First step is to compute the mean μ and the standard deviation σ :
μ = np= 120*.2 = 24 and
σ = √np(1-p)
= √
120*.2*(1-.8)
= 4.3818
Let X = number of defective bulbs.
Then X is B(120, .2) random variable and
we will use N(24, 4.3818) to approximate.
Now "X is more than 30" means "X > 30", which is "X ≥ 31".
P(31 ≤ X) = P(30.5 ≤ X)
[This is continuity correction.]
= P([30.5 - μ]/σ < [X - μ]/σ )
≈ P([30.5 - μ]/σ < Z )
= P([30.5 - 24]/4.3818 < Z )
= P (1.4834, < Z ) = normalcdf(1.4834, 5)= .0694
Exercise 5.3.7. Suppose the probability that a student has access to the Internet is p = 0.8. Suppose you interview 160 students. What is the probability that less than 120 students will have access to the Internet?
Exercise 5.3.8. Suppose that the probability that a person favors medical use of marijuana is p = 0.6. If 780 individuals are interviewed, what is the probability that less than 450 will be in favor?
Exercise 5.3.9. Suppose that the probability that a middle-income family invests in the stock market is p = 0.8. If we interview 880 middle-income families, what is the probability that more than 700 have invested in the stock market?

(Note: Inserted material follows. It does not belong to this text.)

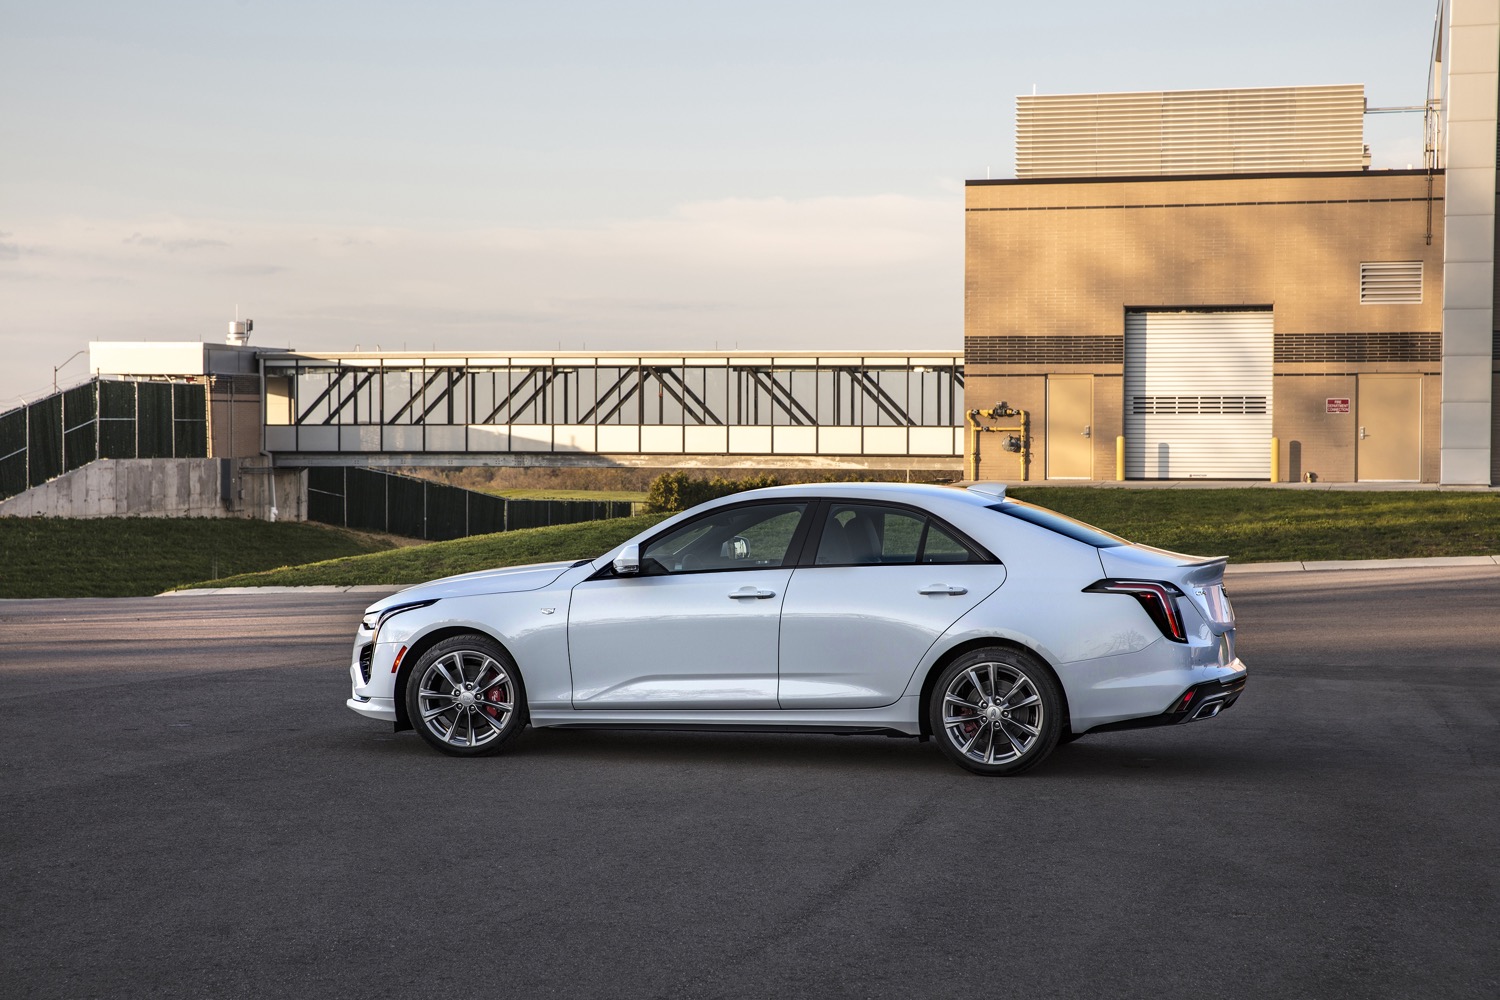 2020 Cadillac CT4, CT5 Recalled for Incorrect Emissions Control Label
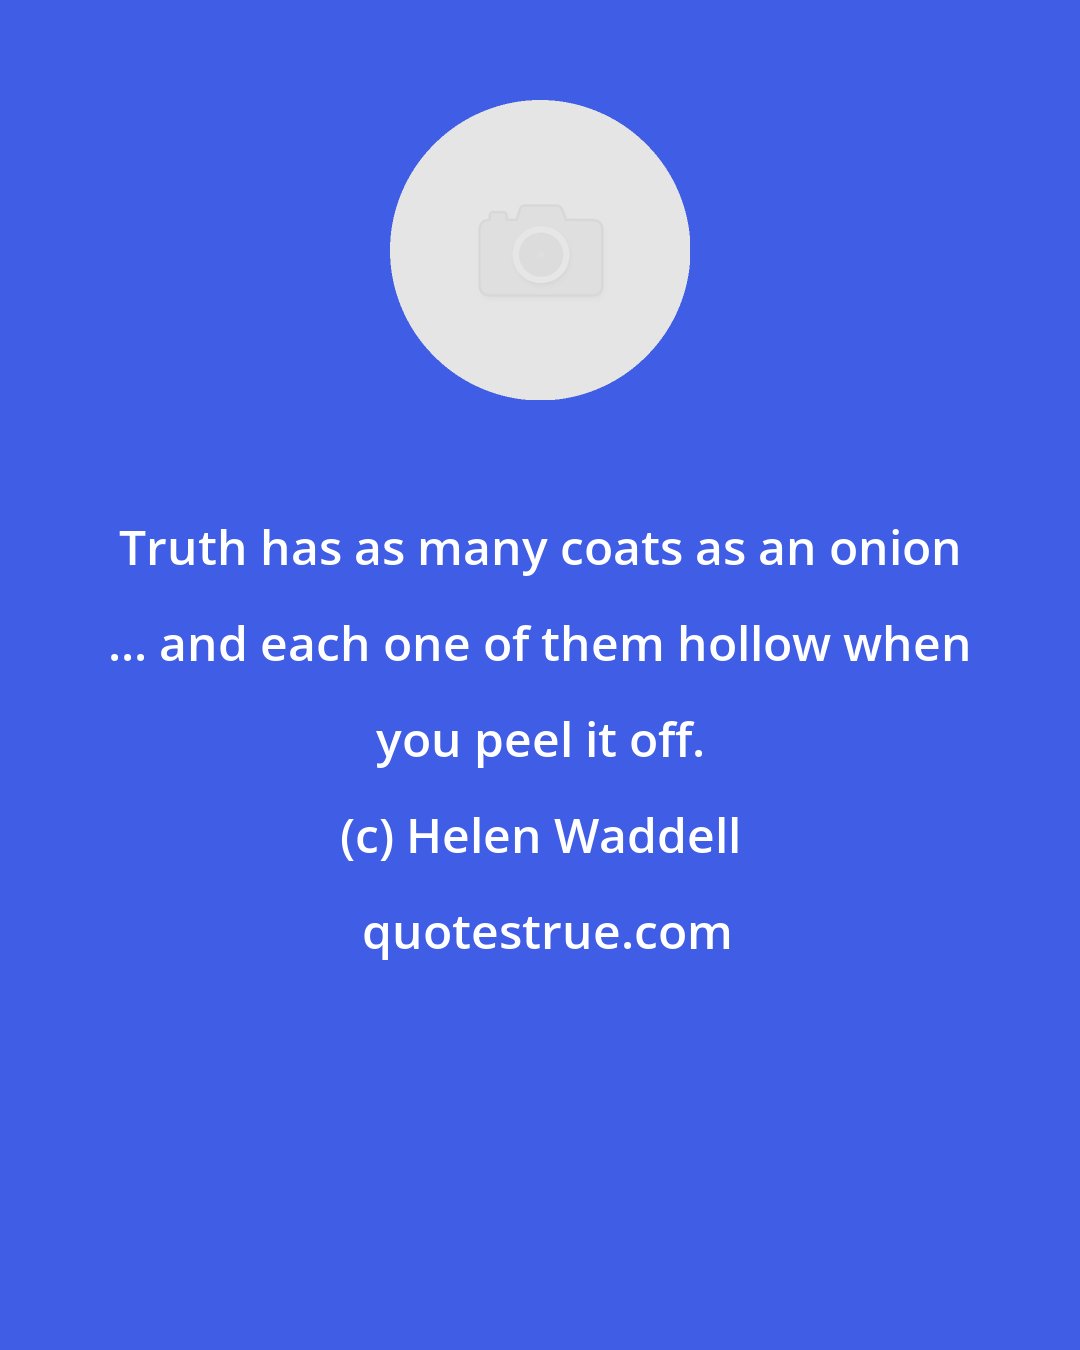 Helen Waddell: Truth has as many coats as an onion ... and each one of them hollow when you peel it off.

Exercise 5.3.10. Suppose that an insurance company knows from experience that the probability that a life-insurance policyholder will survive another 10 years is p = 0.9. The company has 2280 policyholders. What is the probability that more than 2025 will survive another 10 years.